Scammers continue to find novel ways to steal cryptocurrency and this time they’re riding on OpenAI’s GPT-4 launch. Tenable Research has found that a day after the eagerly anticipated launch of OpenAI’s Generative Pre-trained Transformer Version 4 (GPT-4), on 15 March, scammers began sending phishing emails and tweeting phishing links to crypto enthusiasts about an OpenAI crypto token. The only problem is – an OpenAI crypto token does not exist.
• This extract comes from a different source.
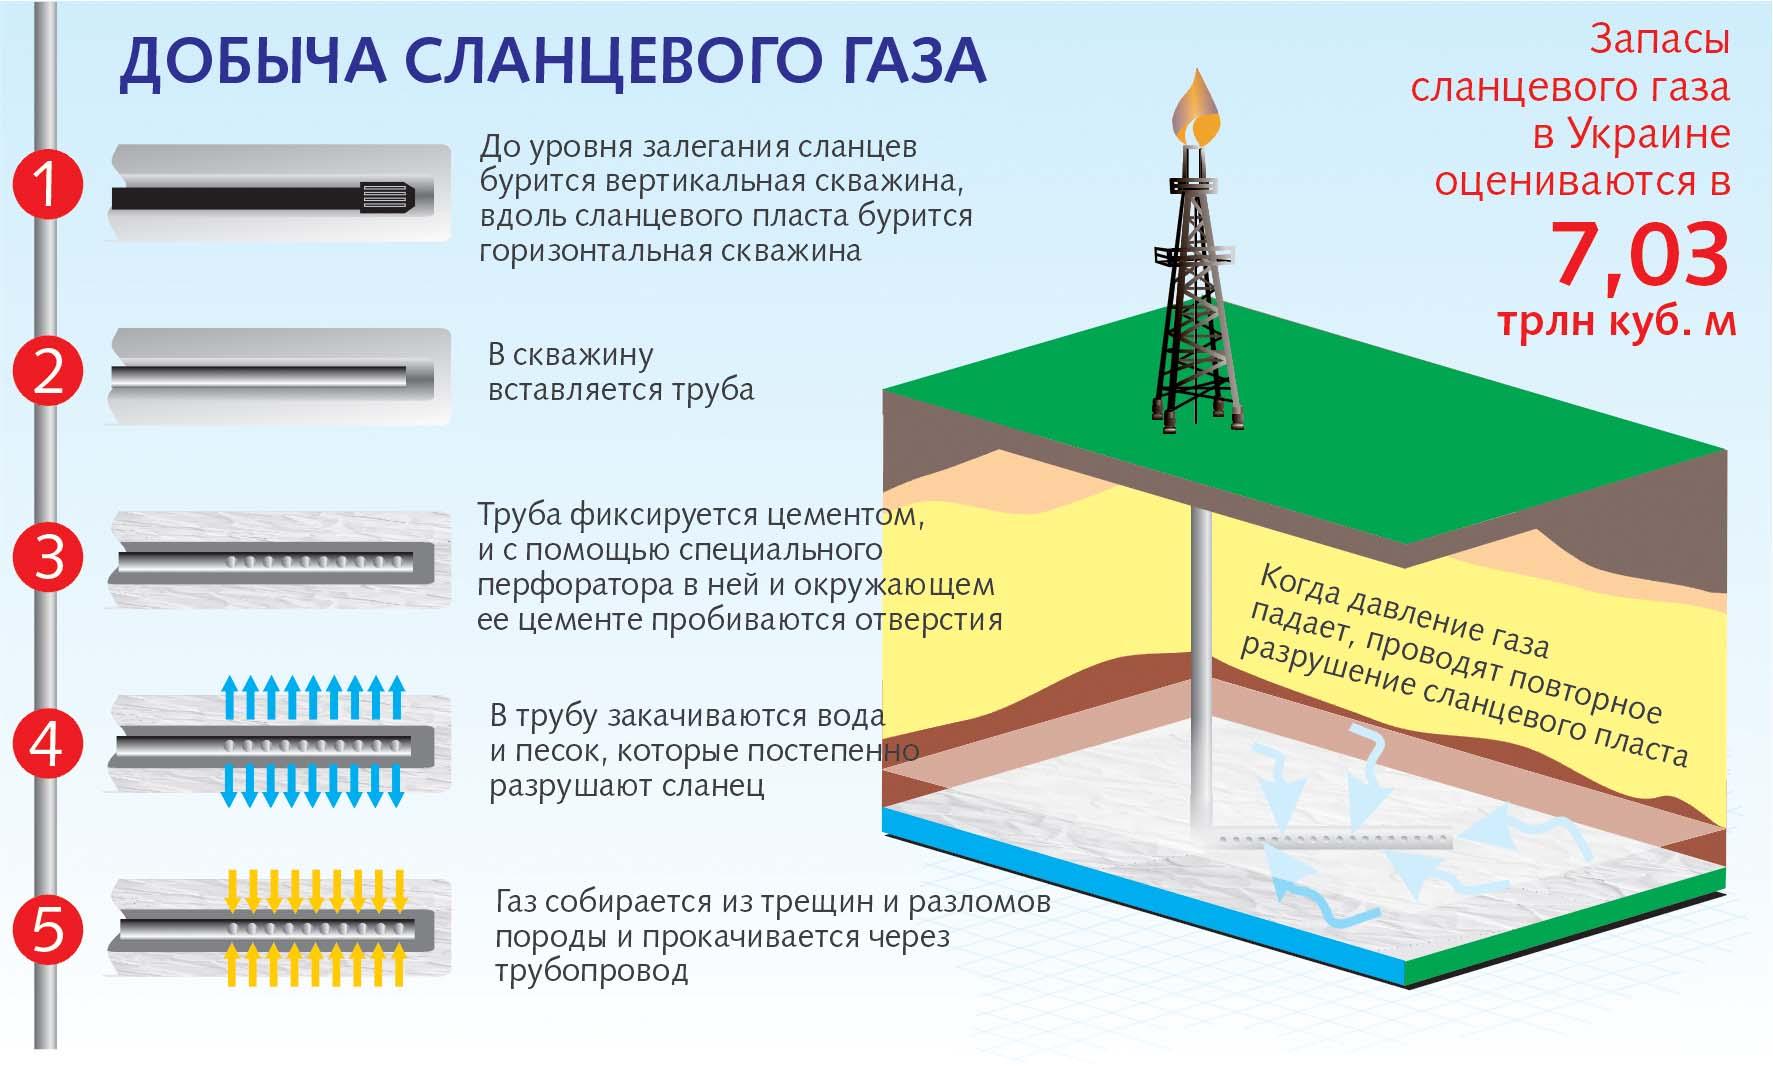 Добыча сланцевого газа, запасы сланцевого газа в Украине, график, рисунок, графика
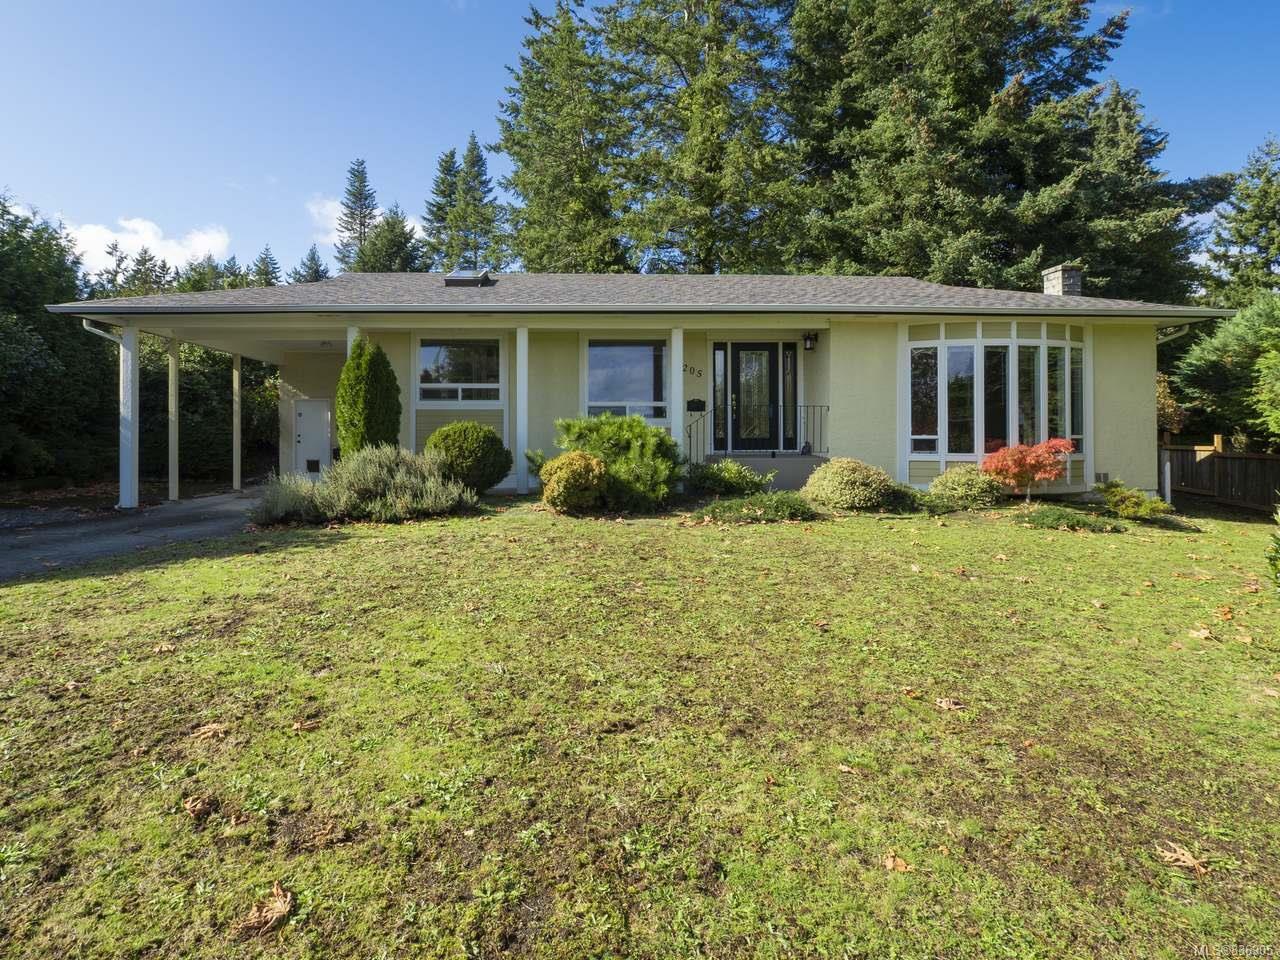 Main Photo: 205 Seagull Lane in NANAIMO: Na Departure Bay House for sale (Nanaimo)  : MLS®# 836905

How scammers are turning GPT-4 a lucrative opportunity
OpenAI only provides GPT-4 access to ChatGPT Plus subscribers and developers via its API. The unintended effect of this limited access provides scammers with an ideal hook to lure unsuspecting users to their phishing sites. The scammers mimic the OpenAI site to try to get crypto users to link their digital wallets, and once that happens, they drain their accounts.
The phishing email contains a single block of text: “Don’t miss out on the limited-time OpenAI DEFI token airdrop.” It includes an image of an OpenAI email based on a template of what a legitimate OpenAI email might look like. But the purported email contains a number of grammatical and spelling errors. Similar versions were also being circulated on Twitter.
Image courtesy of Tenable
How crypto enthusiasts can stay clear of threat
Having researched cryptocurrency scams over the last four years, I’ve learned that scammers are opportunistic, impersonating noteworthy individuals or brands to promote fake tokens like Tesla tokens and SpaceX tokens as well as a plethora of fake giveaways. The impersonation of OpenAI and the promotion of a fake OpenAI token continues this trend.
For users interested in GPT-4 and ChatGPT or crypto and the blockchain, it’s paramount that they operate with a high degree of skepticism regarding crypto giveaways and token airdrops. Users must conduct deep research before connecting their wallets to such websites.
Satnam Narang is the Senior Staff Research Engineer at Tenable.